Segment Start: STUDY MATERIAL
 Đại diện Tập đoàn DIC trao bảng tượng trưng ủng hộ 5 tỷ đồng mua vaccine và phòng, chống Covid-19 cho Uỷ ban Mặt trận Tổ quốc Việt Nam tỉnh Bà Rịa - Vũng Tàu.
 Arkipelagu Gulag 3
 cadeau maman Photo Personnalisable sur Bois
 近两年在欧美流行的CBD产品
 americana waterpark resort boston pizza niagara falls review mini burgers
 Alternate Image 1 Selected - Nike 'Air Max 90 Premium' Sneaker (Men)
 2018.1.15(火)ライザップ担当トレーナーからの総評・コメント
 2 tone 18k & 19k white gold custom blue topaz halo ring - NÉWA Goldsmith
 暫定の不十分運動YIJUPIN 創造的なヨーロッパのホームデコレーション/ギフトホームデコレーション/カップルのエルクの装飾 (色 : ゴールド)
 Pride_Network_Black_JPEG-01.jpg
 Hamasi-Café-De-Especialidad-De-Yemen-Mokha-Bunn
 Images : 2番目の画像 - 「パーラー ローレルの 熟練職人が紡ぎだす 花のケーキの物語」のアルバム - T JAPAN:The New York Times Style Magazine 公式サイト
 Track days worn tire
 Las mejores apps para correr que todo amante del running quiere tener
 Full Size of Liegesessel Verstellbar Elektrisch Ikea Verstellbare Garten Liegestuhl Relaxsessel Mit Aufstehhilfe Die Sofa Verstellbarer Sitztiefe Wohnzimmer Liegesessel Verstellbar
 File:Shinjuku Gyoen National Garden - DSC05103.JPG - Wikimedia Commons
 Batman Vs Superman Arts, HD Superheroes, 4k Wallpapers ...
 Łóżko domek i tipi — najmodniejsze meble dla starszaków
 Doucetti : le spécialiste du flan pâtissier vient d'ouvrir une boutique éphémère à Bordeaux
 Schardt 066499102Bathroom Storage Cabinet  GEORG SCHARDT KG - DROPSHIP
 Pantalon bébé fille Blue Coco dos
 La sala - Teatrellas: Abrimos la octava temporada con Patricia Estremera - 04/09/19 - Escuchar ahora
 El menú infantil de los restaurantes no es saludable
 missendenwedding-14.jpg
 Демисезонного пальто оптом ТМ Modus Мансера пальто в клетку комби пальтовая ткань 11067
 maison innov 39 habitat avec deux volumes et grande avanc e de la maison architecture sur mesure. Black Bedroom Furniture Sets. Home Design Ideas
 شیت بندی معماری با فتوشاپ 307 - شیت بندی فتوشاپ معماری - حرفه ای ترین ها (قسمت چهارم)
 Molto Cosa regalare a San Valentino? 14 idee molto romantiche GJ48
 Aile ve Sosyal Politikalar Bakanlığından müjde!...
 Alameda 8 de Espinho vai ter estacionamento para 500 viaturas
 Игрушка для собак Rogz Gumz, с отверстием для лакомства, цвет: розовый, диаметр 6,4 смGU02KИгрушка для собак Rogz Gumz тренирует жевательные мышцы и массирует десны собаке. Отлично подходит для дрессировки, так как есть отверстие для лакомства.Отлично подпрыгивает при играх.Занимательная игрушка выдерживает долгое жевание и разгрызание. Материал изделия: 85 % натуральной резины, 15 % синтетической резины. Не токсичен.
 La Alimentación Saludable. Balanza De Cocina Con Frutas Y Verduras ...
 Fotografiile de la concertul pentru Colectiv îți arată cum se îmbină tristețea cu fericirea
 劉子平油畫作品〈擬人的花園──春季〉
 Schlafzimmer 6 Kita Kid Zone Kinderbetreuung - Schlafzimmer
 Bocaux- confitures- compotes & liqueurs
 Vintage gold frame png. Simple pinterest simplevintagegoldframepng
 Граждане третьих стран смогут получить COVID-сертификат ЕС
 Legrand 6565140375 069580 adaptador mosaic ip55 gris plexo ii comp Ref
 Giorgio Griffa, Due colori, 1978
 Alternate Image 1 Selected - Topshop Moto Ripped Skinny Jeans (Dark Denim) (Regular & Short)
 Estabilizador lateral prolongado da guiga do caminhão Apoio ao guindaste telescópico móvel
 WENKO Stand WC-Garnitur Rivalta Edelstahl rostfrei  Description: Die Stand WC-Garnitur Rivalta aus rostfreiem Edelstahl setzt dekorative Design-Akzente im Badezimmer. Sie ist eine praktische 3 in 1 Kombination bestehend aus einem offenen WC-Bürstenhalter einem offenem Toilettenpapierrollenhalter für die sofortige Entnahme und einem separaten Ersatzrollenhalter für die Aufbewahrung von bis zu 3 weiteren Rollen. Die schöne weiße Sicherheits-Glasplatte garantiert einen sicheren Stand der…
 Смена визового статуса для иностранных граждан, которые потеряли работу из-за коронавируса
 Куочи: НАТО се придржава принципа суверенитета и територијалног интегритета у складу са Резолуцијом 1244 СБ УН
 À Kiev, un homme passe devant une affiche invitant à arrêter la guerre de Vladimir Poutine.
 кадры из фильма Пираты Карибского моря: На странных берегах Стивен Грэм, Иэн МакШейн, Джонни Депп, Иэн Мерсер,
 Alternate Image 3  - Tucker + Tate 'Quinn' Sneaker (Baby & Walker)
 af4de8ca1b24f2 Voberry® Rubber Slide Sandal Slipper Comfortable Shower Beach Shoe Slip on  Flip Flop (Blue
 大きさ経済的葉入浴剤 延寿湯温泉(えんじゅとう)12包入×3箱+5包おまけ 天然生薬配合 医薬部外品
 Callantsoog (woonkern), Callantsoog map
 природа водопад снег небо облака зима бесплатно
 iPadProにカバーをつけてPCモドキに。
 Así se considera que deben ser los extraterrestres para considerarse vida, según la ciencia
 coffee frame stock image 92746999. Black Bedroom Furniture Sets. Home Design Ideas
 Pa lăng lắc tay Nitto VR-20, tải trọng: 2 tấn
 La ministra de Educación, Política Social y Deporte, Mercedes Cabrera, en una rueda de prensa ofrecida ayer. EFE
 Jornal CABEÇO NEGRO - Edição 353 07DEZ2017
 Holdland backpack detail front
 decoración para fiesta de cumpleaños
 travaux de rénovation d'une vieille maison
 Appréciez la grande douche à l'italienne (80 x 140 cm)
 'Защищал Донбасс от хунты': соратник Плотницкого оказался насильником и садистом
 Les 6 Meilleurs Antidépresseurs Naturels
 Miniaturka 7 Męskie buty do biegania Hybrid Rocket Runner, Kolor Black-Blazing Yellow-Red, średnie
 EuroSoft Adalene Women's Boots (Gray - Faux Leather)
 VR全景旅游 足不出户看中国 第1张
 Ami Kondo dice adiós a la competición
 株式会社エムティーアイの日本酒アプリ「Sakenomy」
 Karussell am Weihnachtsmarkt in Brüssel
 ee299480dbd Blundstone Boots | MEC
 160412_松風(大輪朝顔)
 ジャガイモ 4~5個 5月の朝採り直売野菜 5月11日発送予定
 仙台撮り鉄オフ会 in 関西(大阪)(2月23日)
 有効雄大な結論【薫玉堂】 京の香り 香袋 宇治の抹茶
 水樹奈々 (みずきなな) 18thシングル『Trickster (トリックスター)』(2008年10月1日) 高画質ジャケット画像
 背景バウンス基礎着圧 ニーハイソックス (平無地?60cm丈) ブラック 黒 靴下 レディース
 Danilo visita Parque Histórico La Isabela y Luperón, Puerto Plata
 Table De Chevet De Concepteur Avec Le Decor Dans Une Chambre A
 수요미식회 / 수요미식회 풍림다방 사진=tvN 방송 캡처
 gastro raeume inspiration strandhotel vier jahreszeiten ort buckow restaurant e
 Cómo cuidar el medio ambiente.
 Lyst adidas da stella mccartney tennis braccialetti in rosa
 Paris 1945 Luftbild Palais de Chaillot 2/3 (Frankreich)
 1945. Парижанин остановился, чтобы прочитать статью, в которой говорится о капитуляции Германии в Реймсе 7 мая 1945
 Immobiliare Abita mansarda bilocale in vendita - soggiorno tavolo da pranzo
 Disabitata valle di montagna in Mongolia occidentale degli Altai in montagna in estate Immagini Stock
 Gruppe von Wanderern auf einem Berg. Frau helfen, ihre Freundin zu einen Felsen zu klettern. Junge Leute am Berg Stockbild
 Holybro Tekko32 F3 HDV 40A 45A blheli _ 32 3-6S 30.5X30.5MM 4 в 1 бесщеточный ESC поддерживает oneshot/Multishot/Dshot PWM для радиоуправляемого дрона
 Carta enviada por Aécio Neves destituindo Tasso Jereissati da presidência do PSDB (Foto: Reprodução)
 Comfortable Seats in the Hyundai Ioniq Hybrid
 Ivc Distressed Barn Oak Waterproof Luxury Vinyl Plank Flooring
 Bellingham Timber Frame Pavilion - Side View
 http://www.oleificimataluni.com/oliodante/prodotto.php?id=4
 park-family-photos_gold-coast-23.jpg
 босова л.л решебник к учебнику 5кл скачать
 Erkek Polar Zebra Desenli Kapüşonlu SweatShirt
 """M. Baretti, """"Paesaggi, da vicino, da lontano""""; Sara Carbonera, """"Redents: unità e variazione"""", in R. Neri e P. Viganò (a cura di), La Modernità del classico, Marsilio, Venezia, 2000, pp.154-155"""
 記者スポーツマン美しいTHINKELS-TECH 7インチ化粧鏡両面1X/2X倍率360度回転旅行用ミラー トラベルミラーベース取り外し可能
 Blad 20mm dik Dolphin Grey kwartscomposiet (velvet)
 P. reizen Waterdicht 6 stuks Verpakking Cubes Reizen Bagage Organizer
Segment End: STUDY MATERIAL
• [ABOUT THIS TASK]:
Repeat the entries above exactly, beginning at their first line and ending with the line that contains "Doucetti : le", with nothing added.

• [SOLUTION FOR THIS EXERCISE]:
 Đại diện Tập đoàn DIC trao bảng tượng trưng ủng hộ 5 tỷ đồng mua vaccine và phòng, chống Covid-19 cho Uỷ ban Mặt trận Tổ quốc Việt Nam tỉnh Bà Rịa - Vũng Tàu.
 Arkipelagu Gulag 3
 cadeau maman Photo Personnalisable sur Bois
 近两年在欧美流行的CBD产品
 americana waterpark resort boston pizza niagara falls review mini burgers
 Alternate Image 1 Selected - Nike 'Air Max 90 Premium' Sneaker (Men)
 2018.1.15(火)ライザップ担当トレーナーからの総評・コメント
 2 tone 18k & 19k white gold custom blue topaz halo ring - NÉWA Goldsmith
 暫定の不十分運動YIJUPIN 創造的なヨーロッパのホームデコレーション/ギフトホームデコレーション/カップルのエルクの装飾 (色 : ゴールド)
 Pride_Network_Black_JPEG-01.jpg
 Hamasi-Café-De-Especialidad-De-Yemen-Mokha-Bunn
 Images : 2番目の画像 - 「パーラー ローレルの 熟練職人が紡ぎだす 花のケーキの物語」のアルバム - T JAPAN:The New York Times Style Magazine 公式サイト
 Track days worn tire
 Las mejores apps para correr que todo amante del running quiere tener
 Full Size of Liegesessel Verstellbar Elektrisch Ikea Verstellbare Garten Liegestuhl Relaxsessel Mit Aufstehhilfe Die Sofa Verstellbarer Sitztiefe Wohnzimmer Liegesessel Verstellbar
 File:Shinjuku Gyoen National Garden - DSC05103.JPG - Wikimedia Commons
 Batman Vs Superman Arts, HD Superheroes, 4k Wallpapers ...
 Łóżko domek i tipi — najmodniejsze meble dla starszaków
 Doucetti : le spécialiste du flan pâtissier vient d'ouvrir une boutique éphémère à Bordeaux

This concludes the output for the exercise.